Exercise instructions
The records that follow are to be transcribed exactly.

* * *

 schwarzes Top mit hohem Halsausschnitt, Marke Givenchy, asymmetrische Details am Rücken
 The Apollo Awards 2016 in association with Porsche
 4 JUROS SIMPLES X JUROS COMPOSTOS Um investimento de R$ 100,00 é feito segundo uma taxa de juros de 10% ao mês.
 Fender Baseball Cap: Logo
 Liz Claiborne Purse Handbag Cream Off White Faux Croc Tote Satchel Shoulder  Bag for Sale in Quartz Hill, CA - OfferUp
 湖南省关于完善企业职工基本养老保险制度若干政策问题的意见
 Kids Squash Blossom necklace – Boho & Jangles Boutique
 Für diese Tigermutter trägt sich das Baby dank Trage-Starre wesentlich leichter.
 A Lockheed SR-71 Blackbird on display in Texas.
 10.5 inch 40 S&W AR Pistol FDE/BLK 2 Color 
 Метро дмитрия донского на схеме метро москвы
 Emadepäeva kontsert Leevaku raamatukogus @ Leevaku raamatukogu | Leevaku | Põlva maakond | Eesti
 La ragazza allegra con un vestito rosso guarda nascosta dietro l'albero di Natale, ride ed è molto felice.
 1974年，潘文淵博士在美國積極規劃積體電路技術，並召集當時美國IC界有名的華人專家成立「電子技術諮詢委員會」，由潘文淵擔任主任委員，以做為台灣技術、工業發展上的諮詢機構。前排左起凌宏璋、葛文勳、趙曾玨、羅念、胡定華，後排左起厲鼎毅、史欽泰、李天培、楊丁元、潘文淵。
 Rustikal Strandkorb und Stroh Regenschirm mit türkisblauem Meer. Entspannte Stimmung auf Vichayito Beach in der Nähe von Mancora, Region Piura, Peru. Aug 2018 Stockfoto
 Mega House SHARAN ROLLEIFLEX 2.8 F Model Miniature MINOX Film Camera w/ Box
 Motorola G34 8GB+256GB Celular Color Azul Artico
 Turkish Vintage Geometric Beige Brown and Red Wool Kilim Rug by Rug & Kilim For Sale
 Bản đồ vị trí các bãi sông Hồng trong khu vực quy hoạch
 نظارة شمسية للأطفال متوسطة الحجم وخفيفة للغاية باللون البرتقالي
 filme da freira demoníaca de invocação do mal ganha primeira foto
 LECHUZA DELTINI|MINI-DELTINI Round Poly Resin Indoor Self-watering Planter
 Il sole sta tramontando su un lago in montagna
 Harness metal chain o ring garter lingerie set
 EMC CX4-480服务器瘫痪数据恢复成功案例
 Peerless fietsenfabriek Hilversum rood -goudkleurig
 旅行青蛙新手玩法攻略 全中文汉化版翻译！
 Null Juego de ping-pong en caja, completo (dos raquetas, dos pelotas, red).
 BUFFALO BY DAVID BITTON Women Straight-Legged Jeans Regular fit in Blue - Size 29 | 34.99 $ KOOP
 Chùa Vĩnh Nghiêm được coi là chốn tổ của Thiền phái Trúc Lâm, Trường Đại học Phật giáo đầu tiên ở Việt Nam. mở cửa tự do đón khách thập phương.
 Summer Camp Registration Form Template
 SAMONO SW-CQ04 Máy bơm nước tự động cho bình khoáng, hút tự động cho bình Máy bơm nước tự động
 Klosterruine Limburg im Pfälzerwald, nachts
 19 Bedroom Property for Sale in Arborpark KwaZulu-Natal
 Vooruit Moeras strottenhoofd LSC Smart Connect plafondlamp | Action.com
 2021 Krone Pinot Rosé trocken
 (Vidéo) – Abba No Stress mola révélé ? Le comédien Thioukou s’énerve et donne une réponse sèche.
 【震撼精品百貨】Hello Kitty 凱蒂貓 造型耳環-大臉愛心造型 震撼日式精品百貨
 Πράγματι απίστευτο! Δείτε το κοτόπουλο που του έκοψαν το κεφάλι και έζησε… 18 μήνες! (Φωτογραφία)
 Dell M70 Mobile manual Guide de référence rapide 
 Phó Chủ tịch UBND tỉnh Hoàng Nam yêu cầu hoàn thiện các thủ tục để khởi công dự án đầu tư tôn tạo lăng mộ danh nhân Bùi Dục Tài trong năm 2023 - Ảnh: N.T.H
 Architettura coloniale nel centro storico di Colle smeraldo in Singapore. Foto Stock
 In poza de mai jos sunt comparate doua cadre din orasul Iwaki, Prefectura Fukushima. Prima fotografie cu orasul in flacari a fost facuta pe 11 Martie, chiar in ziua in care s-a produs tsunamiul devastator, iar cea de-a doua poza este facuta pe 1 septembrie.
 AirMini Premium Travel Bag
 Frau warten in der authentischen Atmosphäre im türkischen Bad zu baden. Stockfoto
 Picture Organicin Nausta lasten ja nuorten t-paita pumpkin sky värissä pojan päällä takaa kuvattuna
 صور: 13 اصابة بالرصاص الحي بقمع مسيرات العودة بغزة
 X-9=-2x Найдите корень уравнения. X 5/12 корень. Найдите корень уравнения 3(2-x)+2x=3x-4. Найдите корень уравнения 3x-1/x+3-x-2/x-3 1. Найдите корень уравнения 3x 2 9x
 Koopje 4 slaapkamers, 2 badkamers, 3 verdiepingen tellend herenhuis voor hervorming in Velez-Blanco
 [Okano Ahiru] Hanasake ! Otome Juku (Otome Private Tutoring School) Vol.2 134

* * *

Exercise output
 schwarzes Top mit hohem Halsausschnitt, Marke Givenchy, asymmetrische Details am Rücken
 The Apollo Awards 2016 in association with Porsche
 4 JUROS SIMPLES X JUROS COMPOSTOS Um investimento de R$ 100,00 é feito segundo uma taxa de juros de 10% ao mês.
 Fender Baseball Cap: Logo
 Liz Claiborne Purse Handbag Cream Off White Faux Croc Tote Satchel Shoulder  Bag for Sale in Quartz Hill, CA - OfferUp
 湖南省关于完善企业职工基本养老保险制度若干政策问题的意见
 Kids Squash Blossom necklace – Boho & Jangles Boutique
 Für diese Tigermutter trägt sich das Baby dank Trage-Starre wesentlich leichter.
 A Lockheed SR-71 Blackbird on display in Texas.
 10.5 inch 40 S&W AR Pistol FDE/BLK 2 Color 
 Метро дмитрия донского на схеме метро москвы
 Emadepäeva kontsert Leevaku raamatukogus @ Leevaku raamatukogu | Leevaku | Põlva maakond | Eesti
 La ragazza allegra con un vestito rosso guarda nascosta dietro l'albero di Natale, ride ed è molto felice.
 1974年，潘文淵博士在美國積極規劃積體電路技術，並召集當時美國IC界有名的華人專家成立「電子技術諮詢委員會」，由潘文淵擔任主任委員，以做為台灣技術、工業發展上的諮詢機構。前排左起凌宏璋、葛文勳、趙曾玨、羅念、胡定華，後排左起厲鼎毅、史欽泰、李天培、楊丁元、潘文淵。
 Rustikal Strandkorb und Stroh Regenschirm mit türkisblauem Meer. Entspannte Stimmung auf Vichayito Beach in der Nähe von Mancora, Region Piura, Peru. Aug 2018 Stockfoto
 Mega House SHARAN ROLLEIFLEX 2.8 F Model Miniature MINOX Film Camera w/ Box
 Motorola G34 8GB+256GB Celular Color Azul Artico
 Turkish Vintage Geometric Beige Brown and Red Wool Kilim Rug by Rug & Kilim For Sale
 Bản đồ vị trí các bãi sông Hồng trong khu vực quy hoạch
 نظارة شمسية للأطفال متوسطة الحجم وخفيفة للغاية باللون البرتقالي
 filme da freira demoníaca de invocação do mal ganha primeira foto
 LECHUZA DELTINI|MINI-DELTINI Round Poly Resin Indoor Self-watering Planter
 Il sole sta tramontando su un lago in montagna
 Harness metal chain o ring garter lingerie set
 EMC CX4-480服务器瘫痪数据恢复成功案例
 Peerless fietsenfabriek Hilversum rood -goudkleurig
 旅行青蛙新手玩法攻略 全中文汉化版翻译！
 Null Juego de ping-pong en caja, completo (dos raquetas, dos pelotas, red).
 BUFFALO BY DAVID BITTON Women Straight-Legged Jeans Regular fit in Blue - Size 29 | 34.99 $ KOOP
 Chùa Vĩnh Nghiêm được coi là chốn tổ của Thiền phái Trúc Lâm, Trường Đại học Phật giáo đầu tiên ở Việt Nam. mở cửa tự do đón khách thập phương.
 Summer Camp Registration Form Template
 SAMONO SW-CQ04 Máy bơm nước tự động cho bình khoáng, hút tự động cho bình Máy bơm nước tự động
 Klosterruine Limburg im Pfälzerwald, nachts
 19 Bedroom Property for Sale in Arborpark KwaZulu-Natal
 Vooruit Moeras strottenhoofd LSC Smart Connect plafondlamp | Action.com
 2021 Krone Pinot Rosé trocken
 (Vidéo) – Abba No Stress mola révélé ? Le comédien Thioukou s’énerve et donne une réponse sèche.
 【震撼精品百貨】Hello Kitty 凱蒂貓 造型耳環-大臉愛心造型 震撼日式精品百貨
 Πράγματι απίστευτο! Δείτε το κοτόπουλο που του έκοψαν το κεφάλι και έζησε… 18 μήνες! (Φωτογραφία)
 Dell M70 Mobile manual Guide de référence rapide 
 Phó Chủ tịch UBND tỉnh Hoàng Nam yêu cầu hoàn thiện các thủ tục để khởi công dự án đầu tư tôn tạo lăng mộ danh nhân Bùi Dục Tài trong năm 2023 - Ảnh: N.T.H
 Architettura coloniale nel centro storico di Colle smeraldo in Singapore. Foto Stock
 In poza de mai jos sunt comparate doua cadre din orasul Iwaki, Prefectura Fukushima. Prima fotografie cu orasul in flacari a fost facuta pe 11 Martie, chiar in ziua in care s-a produs tsunamiul devastator, iar cea de-a doua poza este facuta pe 1 septembrie.
 AirMini Premium Travel Bag
 Frau warten in der authentischen Atmosphäre im türkischen Bad zu baden. Stockfoto
 Picture Organicin Nausta lasten ja nuorten t-paita pumpkin sky värissä pojan päällä takaa kuvattuna
 صور: 13 اصابة بالرصاص الحي بقمع مسيرات العودة بغزة
 X-9=-2x Найдите корень уравнения. X 5/12 корень. Найдите корень уравнения 3(2-x)+2x=3x-4. Найдите корень уравнения 3x-1/x+3-x-2/x-3 1. Найдите корень уравнения 3x 2 9x
 Koopje 4 slaapkamers, 2 badkamers, 3 verdiepingen tellend herenhuis voor hervorming in Velez-Blanco
 [Okano Ahiru] Hanasake ! Otome Juku (Otome Private Tutoring School) Vol.2 134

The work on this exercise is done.